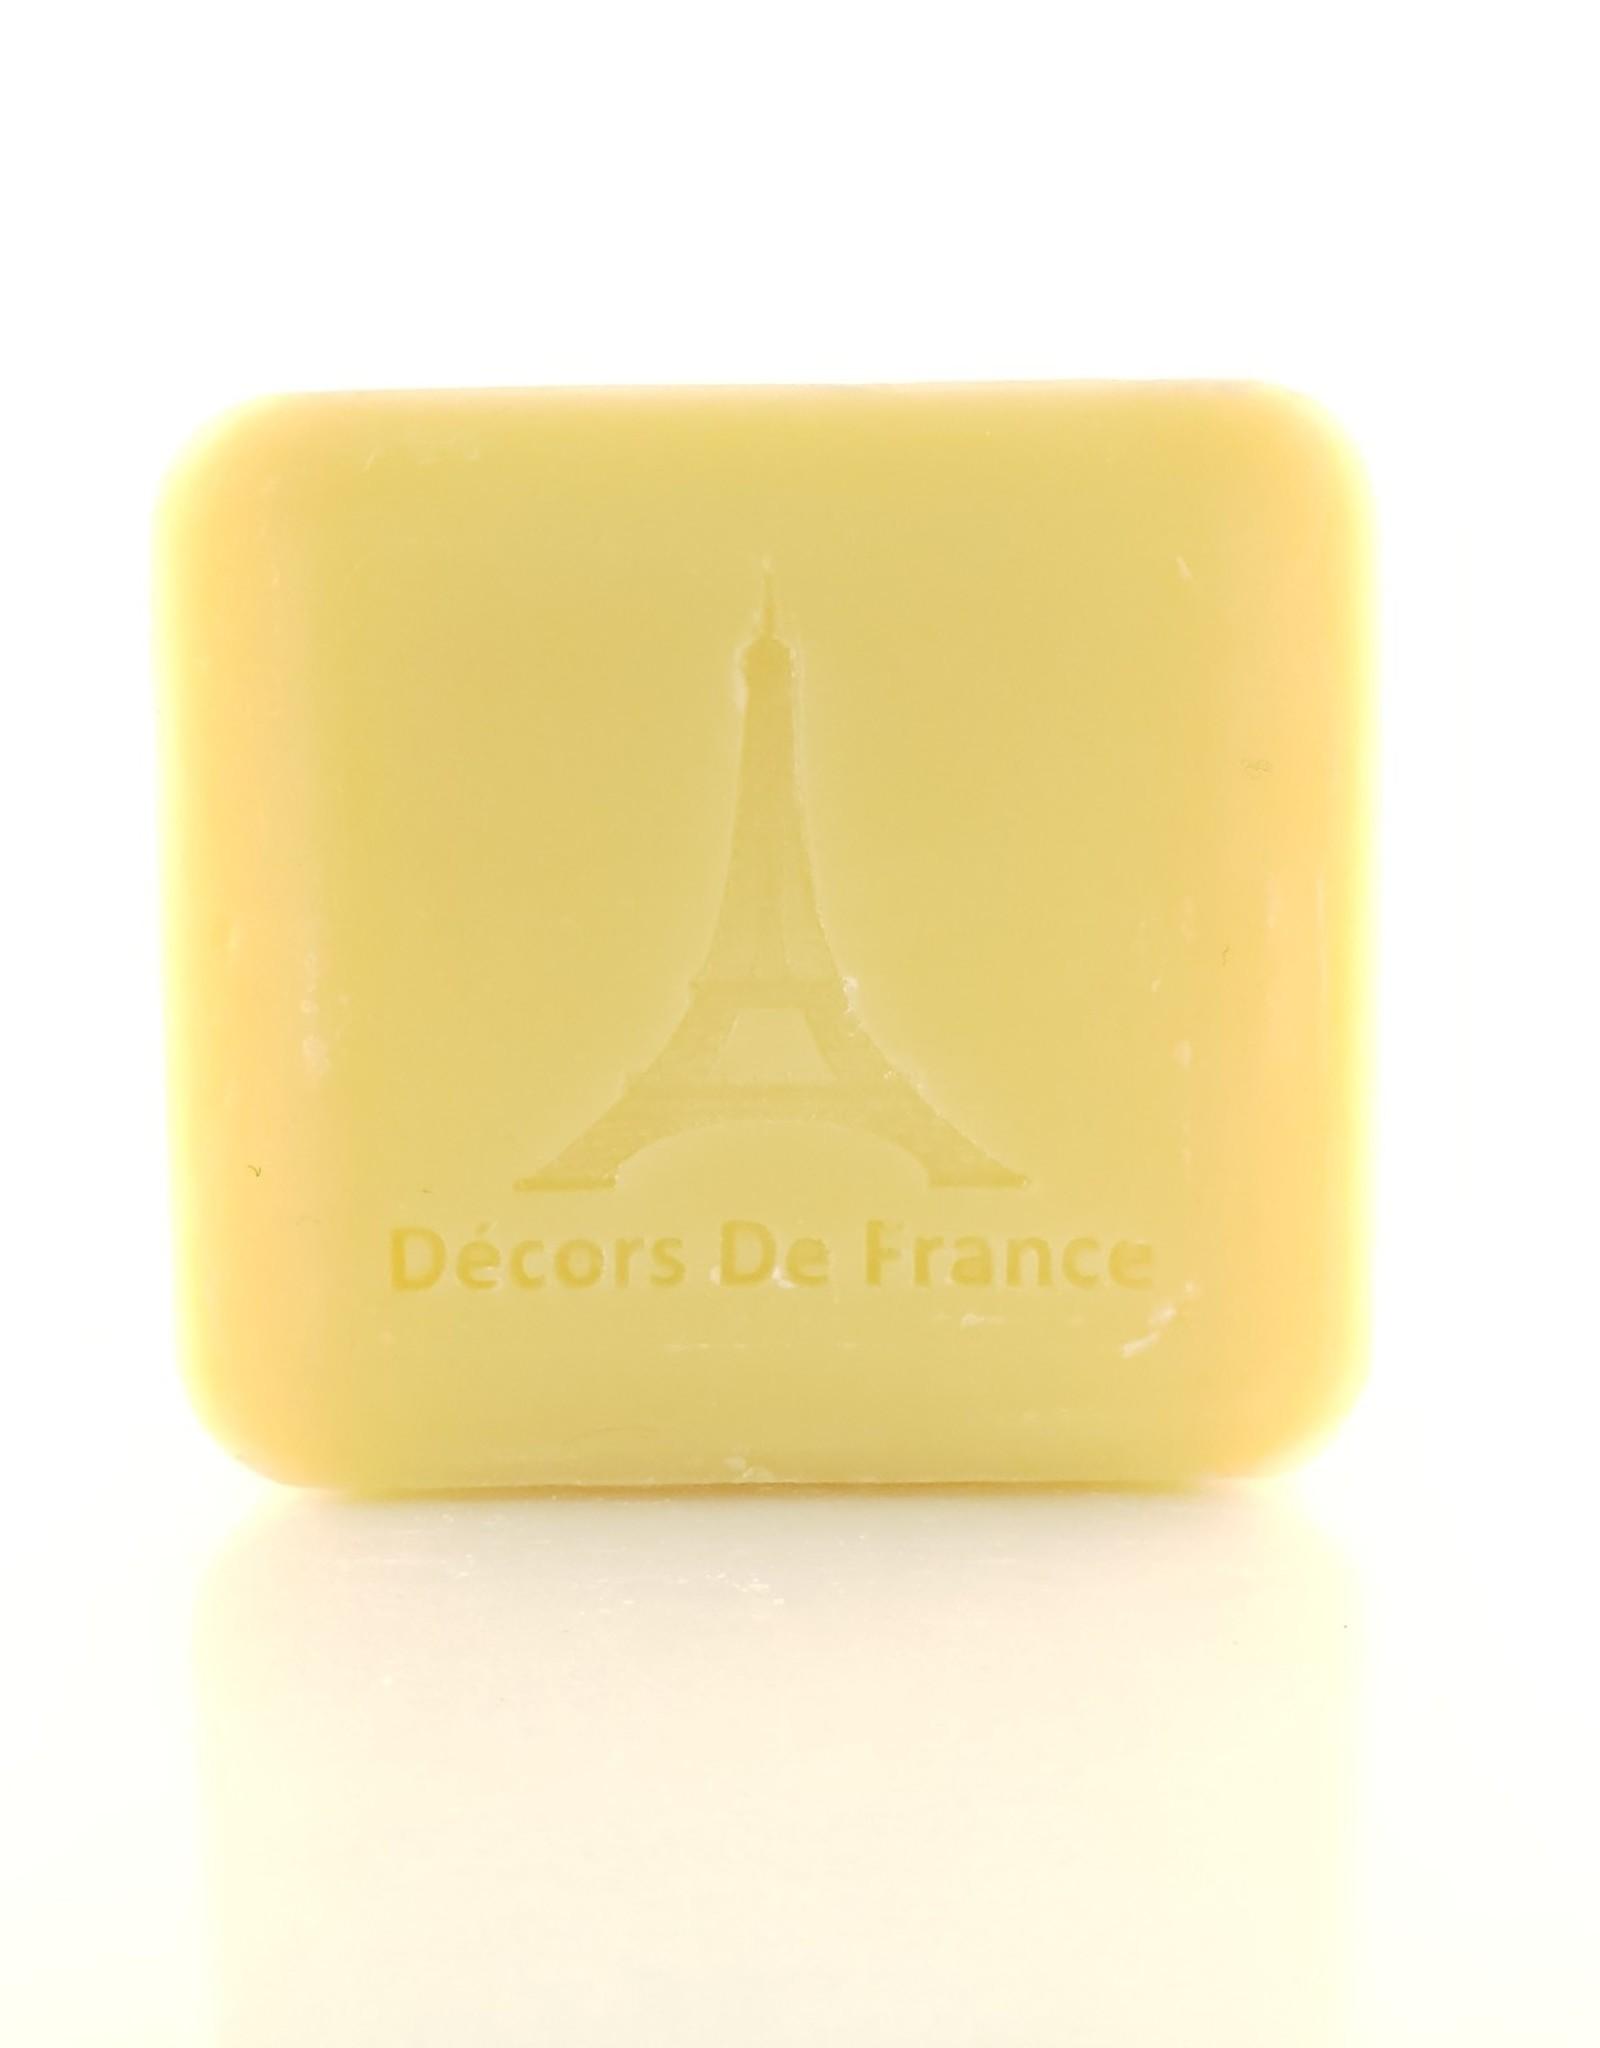 Honey 100g Square Soap
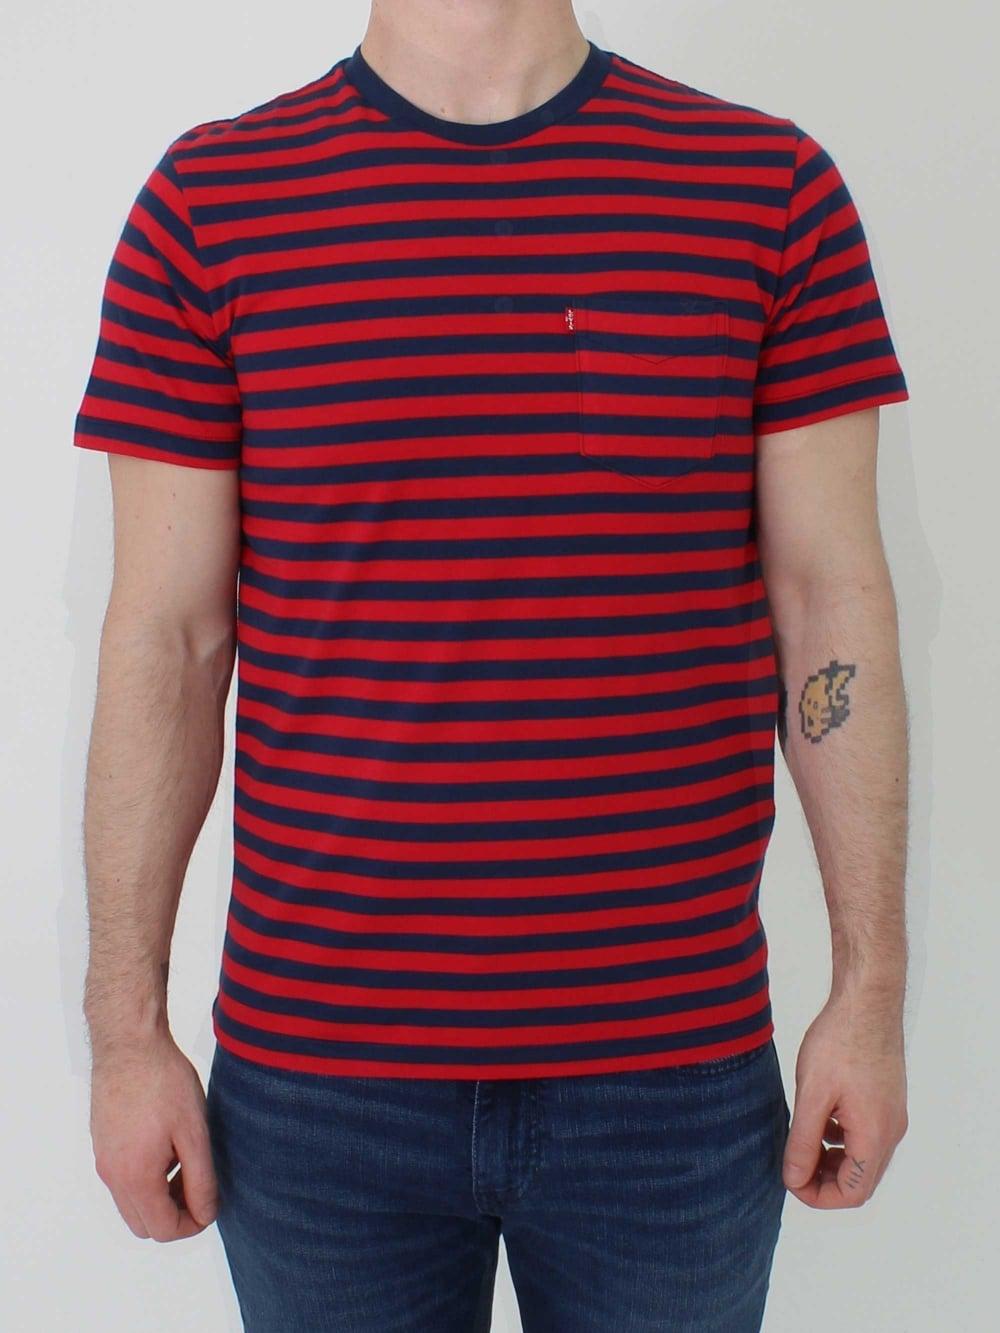 Sunset Shirt T Design Database Levis One Pocket True Blue 65824 0337 In Red Northern Threads
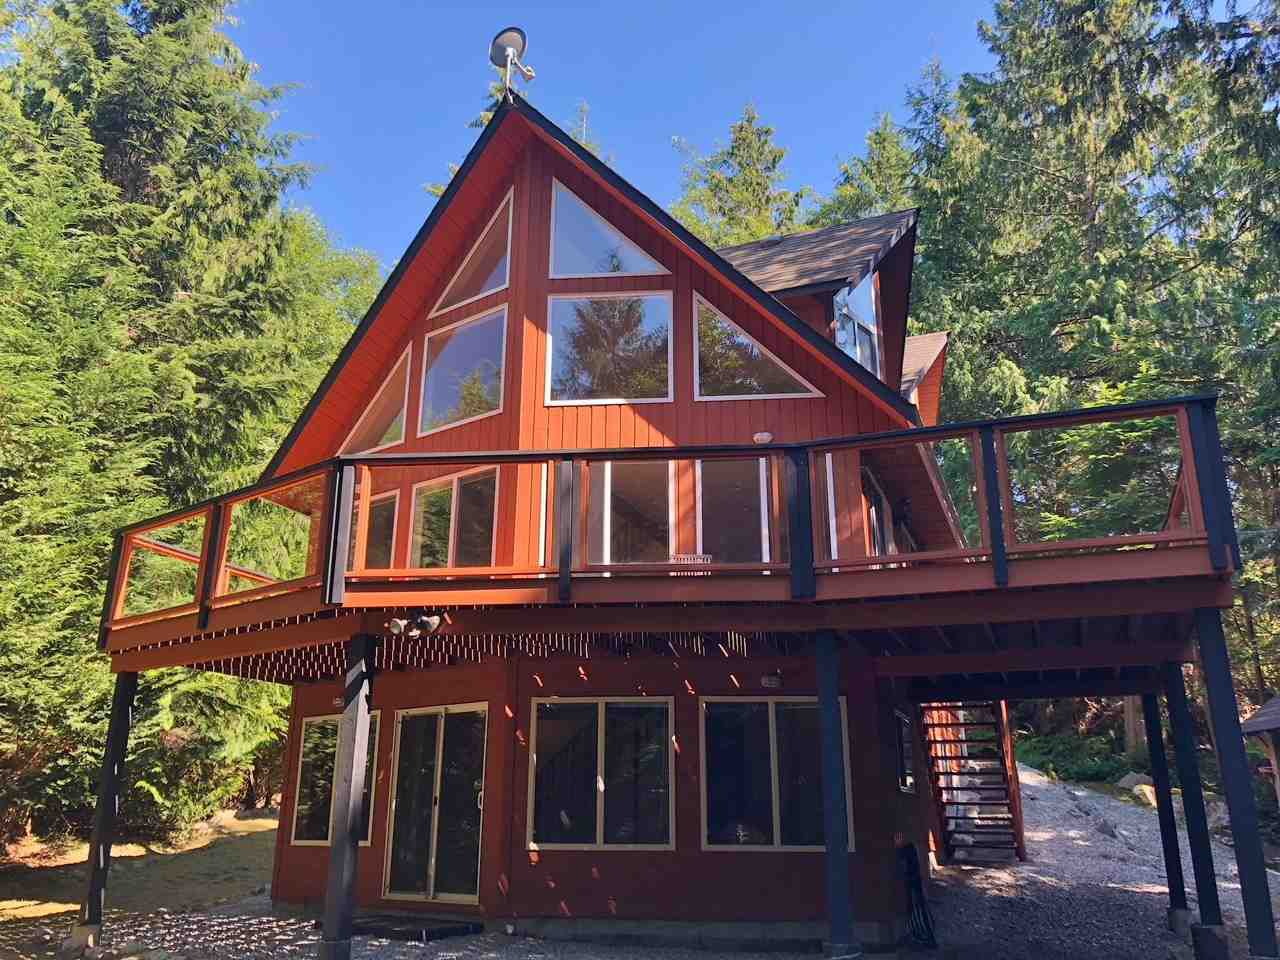 Main Photo: 5557 RILEY ROAD in Halfmoon Bay: Halfmn Bay Secret Cv Redroofs House for sale (Sunshine Coast)  : MLS®# R2344865
-------
• _Task to carry out_: When you return the listing, keep it exact and omit any pictures it holds.

• _Answer area_:
 Honey 100g Square Soap
 Sunset Shirt T Design Database Levis One Pocket True Blue 65824 0337 In Red Northern Threads
 Main Photo: 5557 RILEY ROAD in Halfmoon Bay: Halfmn Bay Secret Cv Redroofs House for sale (Sunshine Coast)  : MLS®# R2344865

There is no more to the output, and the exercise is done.